Нет, нелегко мне было, когда Андрей ушел. Господи, как же я сочувствовал этому мальчику. Нет, он не сам по себе, он часть моей жизни.

И я корил себя — был высокомерен, слишком уж мы чувствительны к чужой совести, лучше бы все усилия направить на совесть собственную, но я все равно знал — и в дальнейшем буду предъявлять Андрею только самый серьезный счет.

Оплатит он его или нет — вопрос другой, но предъявлять его я буду непременно. Потому что эта ставка — его дальнейшая судьба — для меня очень высока. И в этой ставке не только жизнь его или его матери, и ее надежды, но и моя жизнь, и мои надежды. Если я не стану предъявлять ему высокий счет, никто не предъявит. Уж так в его и моей жизни все скрутилось. Развязать этот узел невозможно. И остается только ждать.

13

Напомню, что мой разговор с главврачом не был бесполезным — смены после этого разговора заполнялись полностью. Правда, я и поплатился переводом из кардиологической бригады, но тут уж ничего не поделаешь. По Заходеру, кто хочет честно рисовать, тот должен чем-то рисковать. А за все то есть надо платить.

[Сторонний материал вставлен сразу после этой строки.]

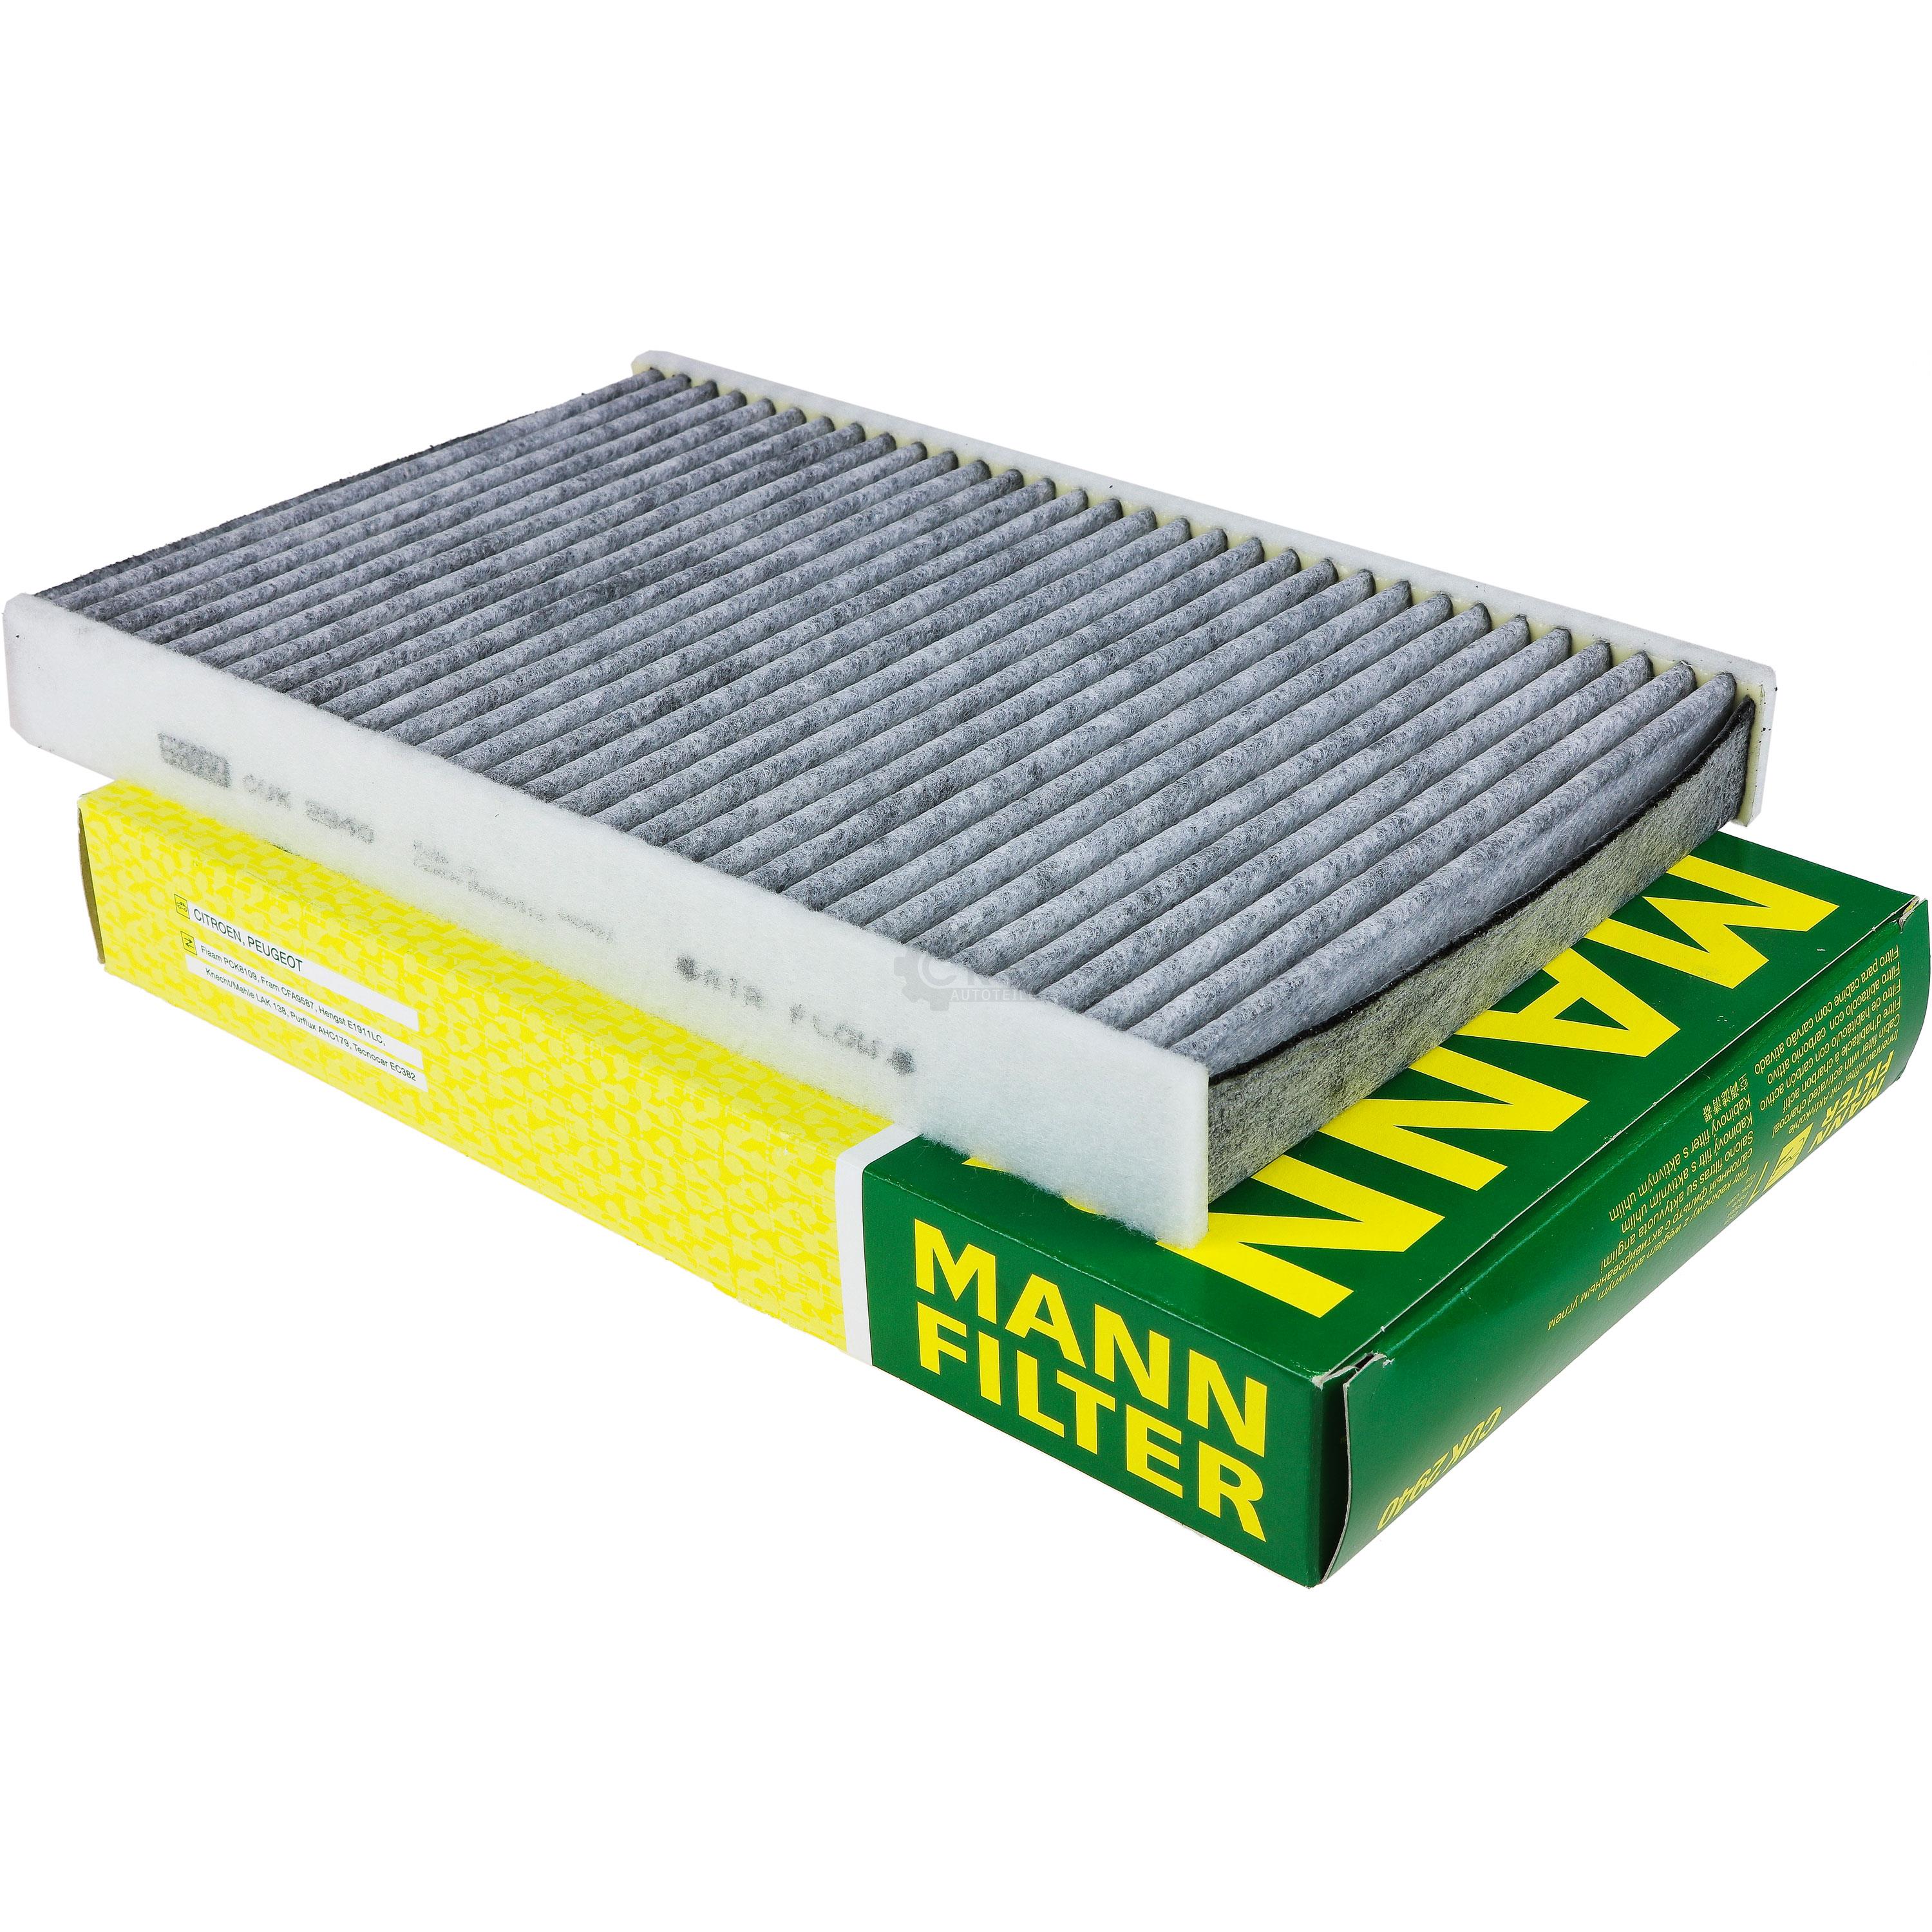 MANN-FILTER Innenraumfilter Pollenfilter Aktivkohle CUK 2940

Уже смены неплохо заполнялись, как пошли жалобы. Что и понятно на все нужно время. Пока человек собрался жаловаться, пока письмо шло в газету или в облздрав, да пока шло обратно — нужно время.

Жаловались главным образом на то, что мы приезжали с большой задержкой. Была и еще одна жалоба, но она как раз относилась к другому эксперименту Алферова — к замене врача кардиологической бригады.

Значит, женщина написала, что ее муж чувствовал себя сносно (правда, ныло в груди, почему, собственно, и вызвали «скорую»), приехала врач Федорова и начала лечить ее мужа, и чем больше лечила, тем человеку становилось хуже и хуже. И по дороге в больницу муж умер.

Я посмотрел листок — клиника тяжелого инфаркта.

Это только неопытному человеку может показаться, что все врачи лечат по одной схеме, по утоптанной дорожке ходят. Опытный же человек из листка поймет, о чем думал врач (если он, конечно, в это время думал о больном). Можно даже судить о его характере, темпераменте, не говоря уж о знаниях. Терпелив он или нет. Добр или жесток. Выдержан или суетлив. Тот будет вводить лекарства помаленьку и ждать результата, а тот вкатит весь коктейль сразу, чтоб лишнее не торчать у постели больного. Тот в нетяжелом случае пощадит вены больного, думая о временах, когда эти вены будут необходимы, а тот сразу начнет с внутривенных вливаний.

Я не мог понять, о чем же думала Федорова на том вызове. Я понимал только, что она растерялась, боль не проходила, и Федорова бросалась в крайности. В самом деле, нельзя же одномоментно и возбуждать, и успокаивать, снижать давление и повышать его.